Heneage Finch, 5th Earl of Aylesford (Biographical details)

Heneage Finch, 5th Earl of Aylesford (collector; British; Male; 1786 - 1859)

Also known as

Finch, Heneage; Aylesford


Son of Heneage Finch, 4th Earl of Aylesford (q.v.). Inherited his father's distinguished collections of prints and drawings. Sold important Rembrandt prints to Samuel Woodburn (q.v.) in 1846 (see Lugt 58 for details of later owners of these prints). Other important prints and drawings from the collection sold at Christie's, 17-18.vii.1893.

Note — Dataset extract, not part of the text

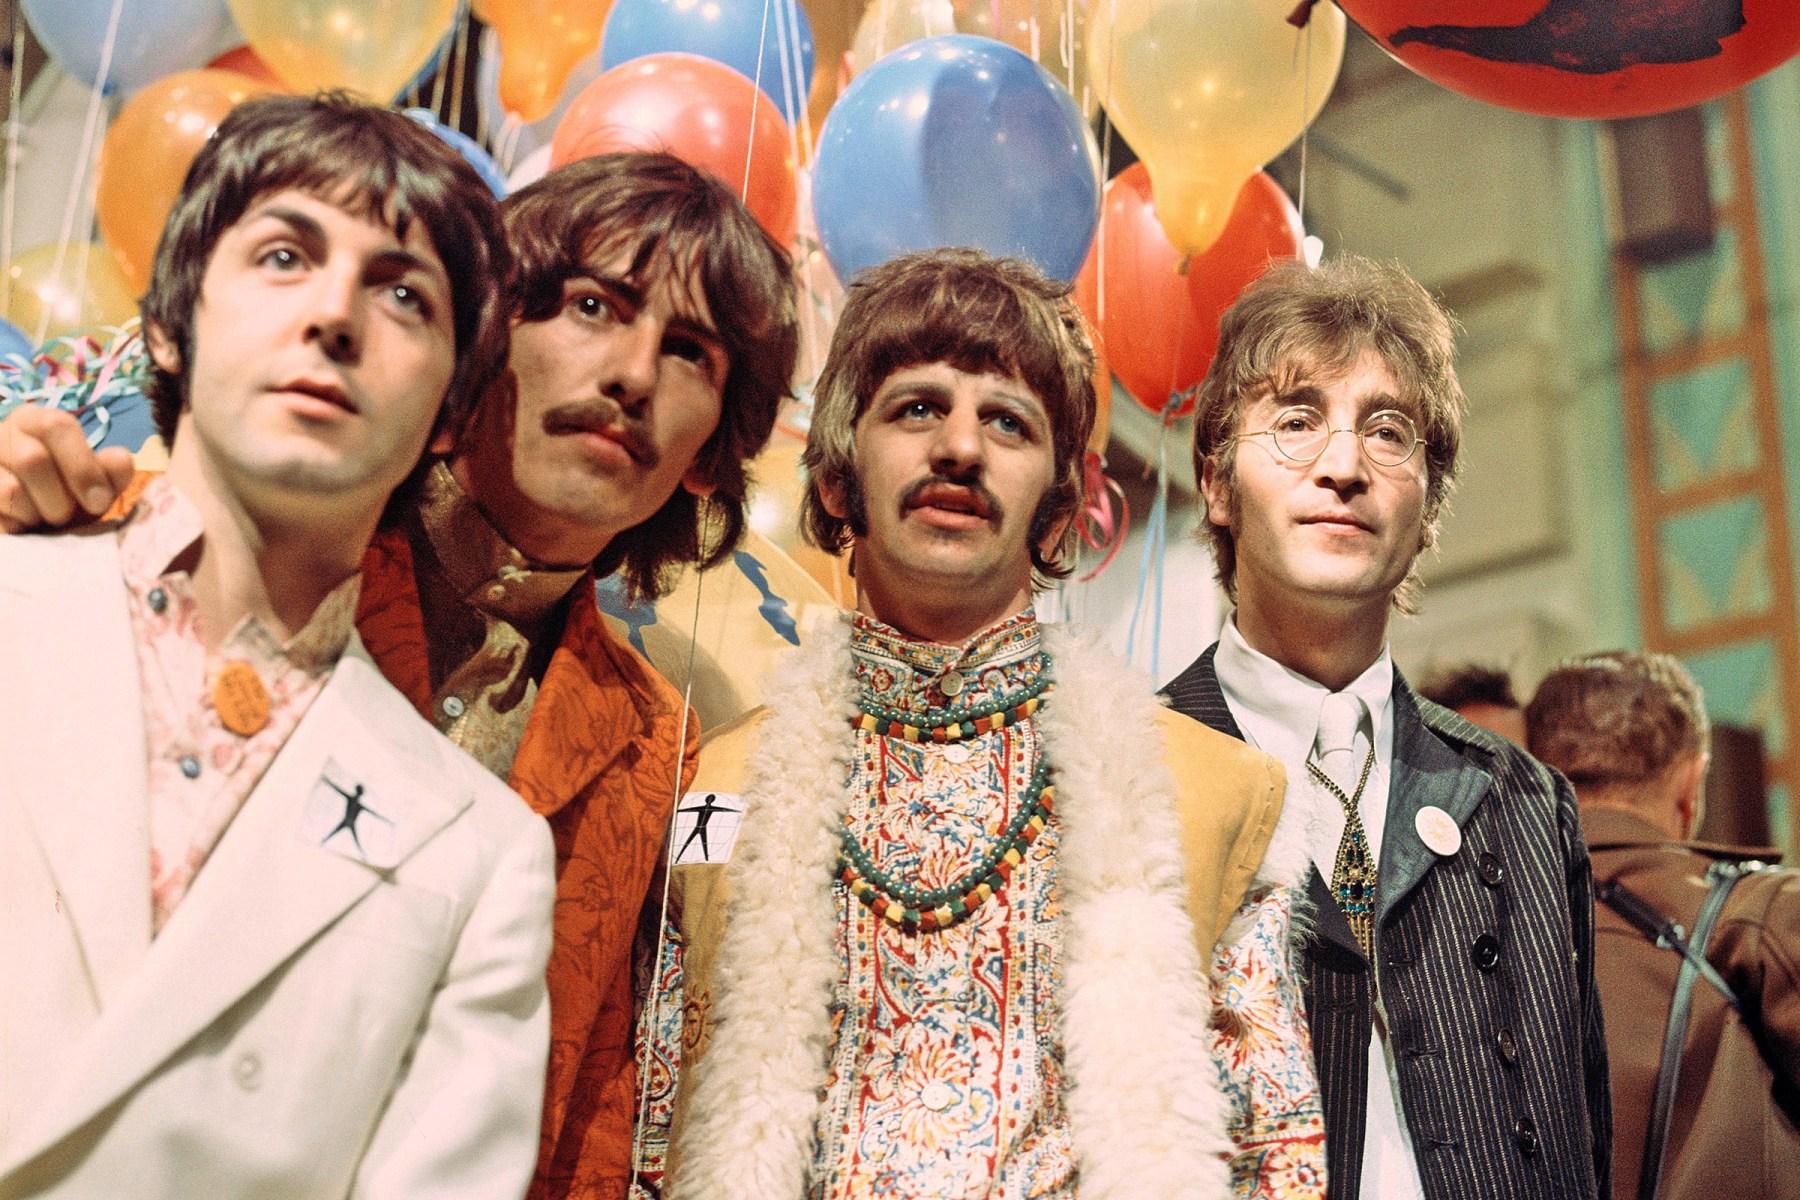 The Beatles - Paul McCartney, George Harrison, Ringo Starr and John LennonVarious - 1967

Information from Nicholas Stogdon:
Succeeded his father, the 4th Earl (q.v.), in 1812; seat in Packington Hall, Warwickshire. In 1821 married Lady Augusta Sophia Greville (d.1845), whose brother, the 2nd Earl of Warwick, was an accomplished amateur painter, and patron, while her aunt Lady Louisa was one of the best amateur etchers of her generation and her uncle, the Hon. Charles Francis Greville, was instrumental in the introduction and development of aquatint in England. The 4th Earl of Aylesford was a gifted draughtsman and prolific etcher and had been a pupil of Malchair, the Oxford drawing master. He seems also to have been a collector; at least, his name appears as a buyer of Rembrandts in the Hibbert sale, 1809, when his successor was still styled Lord Guernsey, acquiring, for instance, an impression of 'Old' Haaringh on 'India' paper, 14th day, lot 231, for £9.0.0 (this was the fourth Barnard impression, lot 323, £4.14.6 to John Woodhouse, and in Woodhouse’s sale, 3rd day lot 88, £7.7.0 to or for Hibbert).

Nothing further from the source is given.